The ease of business initiative is a government-wide and multi-stakeholder programme started in September 2015 driven by the Office of the President and Cabinet, with the support of the World Bank. It focuses primarily on improving the business environment and attracting foreign direct investment (FDI).

Compared to its neighbours, Zimbabwe got a paltry US$545 million in FDI last year while Mozambique received US$4,9 billion, nearly nine times more, pacesetter South Africa US$5,7 billion and Zambia US$2,4 billion. Southern Africa received US$10,8 billion of FDI in 2014, down 2,4% from 2013.

Zimbabwe ranks 171 out of 189 countries on the latest World Bank Ease of Doing Business index, an indicator as to why the country is not attracting meaningful investment.
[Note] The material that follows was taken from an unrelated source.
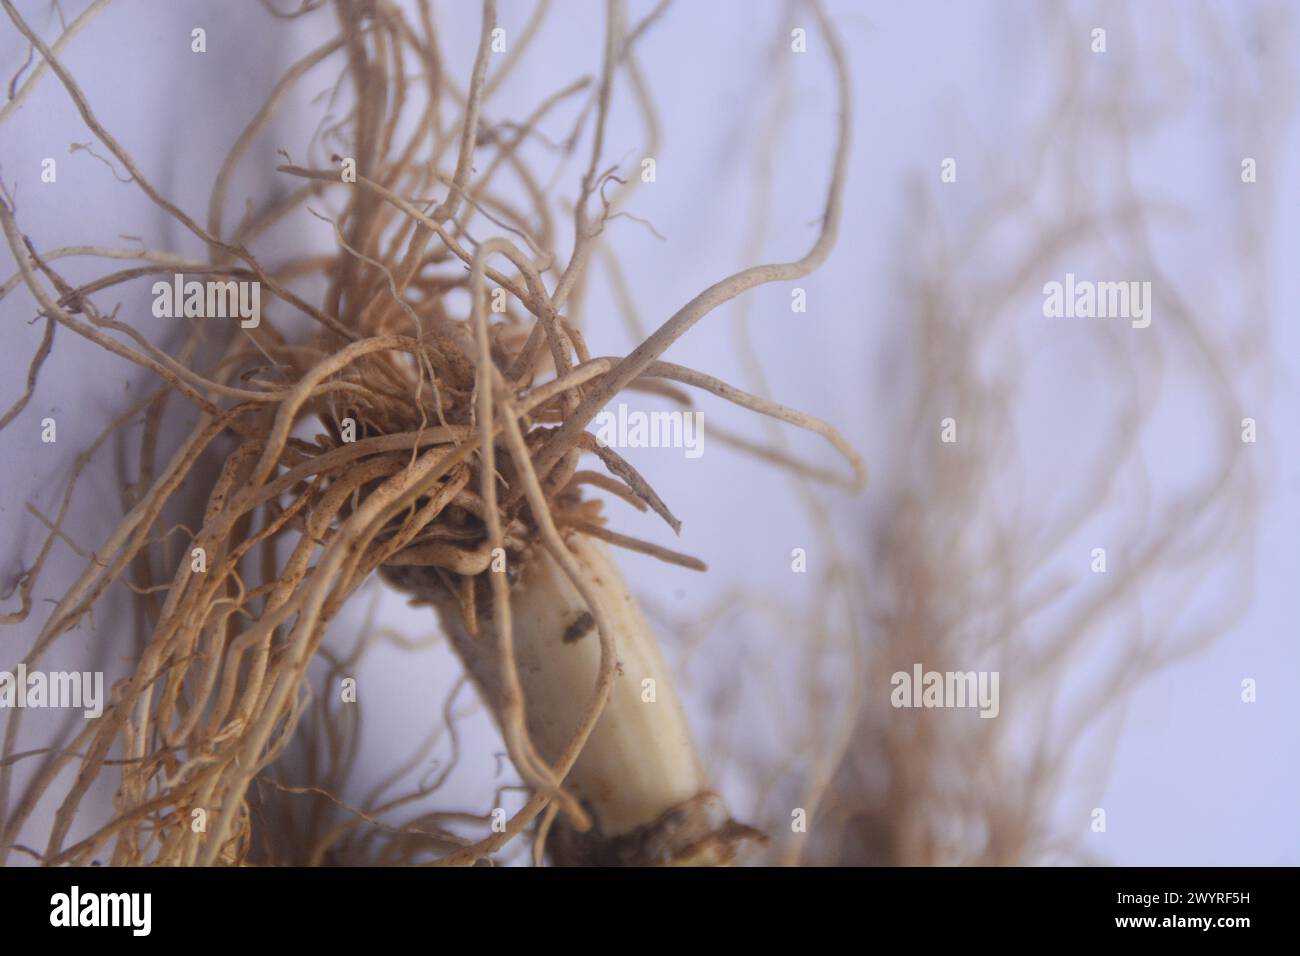 close up view of the root of leeks, has fibrous roots. The roots of leeks that have been taken and the remaining roots when soaked in water and then r Stock Photo

Top of the list in repelling investors is the indigenisation policy.

In the World Bank Report of 2015, Zimbabwe is ranked 155th out of 189 economies on the Ease of Doing Business globally. “It should be noted that the implementation of some of the reforms may not be immediately felt on the ground due to their nature and the need for setting up legal frameworks and re-engineering shorter processes of implementation. The Ease of Doing Business Reforms will be supported by a robust communication and capacity building strategy aimed at making our institutions more service delivery oriented and responsive to the needs of the public,” Bimha said.

In his 2016 budget statement last month, Chinamasa promised the indigenisation policy was going to be reformed before Christmas tomorrow.

As a result a committee comprising Zhuwao, Chinamasa and Mangudya has been working around the clock to overhaul the indigenisation framework.

“In terms of the new guidelines no individual would be allowed to participate for personal gain, but only companies and institutionalised structures which include Zimbabwe Mining Development Company, Zimbabwe consolidated Diamond Company, Sovereign Wealth Fund, community share ownership schemes, employment ownership trusts and the National Indigenisation and economic empowerment fund will take part,” the document says.

“The position on the resource-based sector is that government will maintain the 51% shareholding for local entities with the resource underwriting government equity taking into account the state’s sovereign ownership of minerals.

“The general notice 114 of 2011 provides for indigenisation in the mining sector by requiring that businesses operating within this sector must dispose of 51% equity to designated entities. Under the new regulations, companies will be given up to five years to comply and latitude which could be relaxed up to 20 years. After five years companies will be allowed to apply for a further grace period of up to 20 years.”